An Associated Press reporter interviewed a bystander: “Jean-Claude Ramathon raced to a small hotel in a wheat field to help frantic guests trapped in the flaming rubble of an Air France Concorde. Telling his story hours later, his hands still trembled. ‘We ran up and got up to two meters away from the hotel but had to stop because of the smoke,' Ramathon said Tuesday. He is 39, a workman in blue overalls, but he said little about himself before hurrying away.”

Residents of Gonesse spoke too of the pilot, who they are convinced steered the plane away from the center of the town, perhaps saving hundreds of lives. “The pilot knew what was going on. He was a pilot who saved the lives of the people of Gonesse,” said the manager of a Shell station, Madame Turpin.

The tragedy brings out the best in people. For an instant, human beings act like human beings, not economic units. There is a sense of solidarity with the doomed passengers; many of us also fly. There is a common grief, a sentiment that rarely finds widespread expression. This is a moment when empathy finds an outlet.

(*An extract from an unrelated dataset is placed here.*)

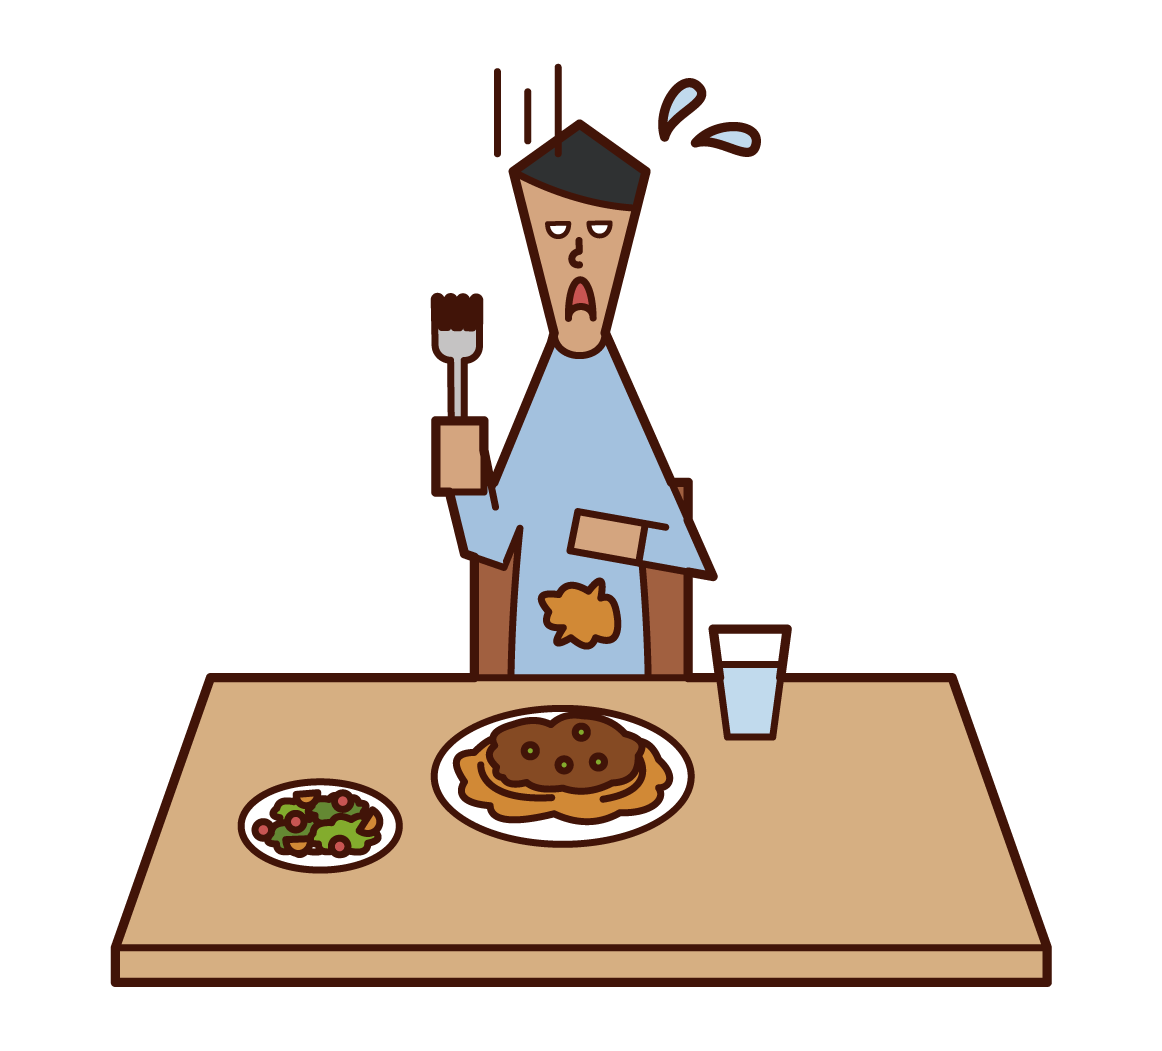 Illustration of a man who spilled food and soiled his clothes

Life returns to normal for the rest of us, and the images fade. Airplanes roar overhead and no one thinks twice about it. How can that empathy for others, which for a moment found an outlet, become a more common feature of daily life? We need to remind ourselves that no less terrible than the deaths of these 113 people is the fate of thousands each day who die, not only in accidents resulting from appalling social conditions—in India, the Philippines, Indonesia—but from preventable conditions like starvation, disease, war and the eruption of butchery.

There is a need for elementary empathy and concern for others to be widened, and elevated by a scientific insight into the underlying causes of so much of humanity's distress. That would represent a true leap in consciousness. Is that too much to hope for?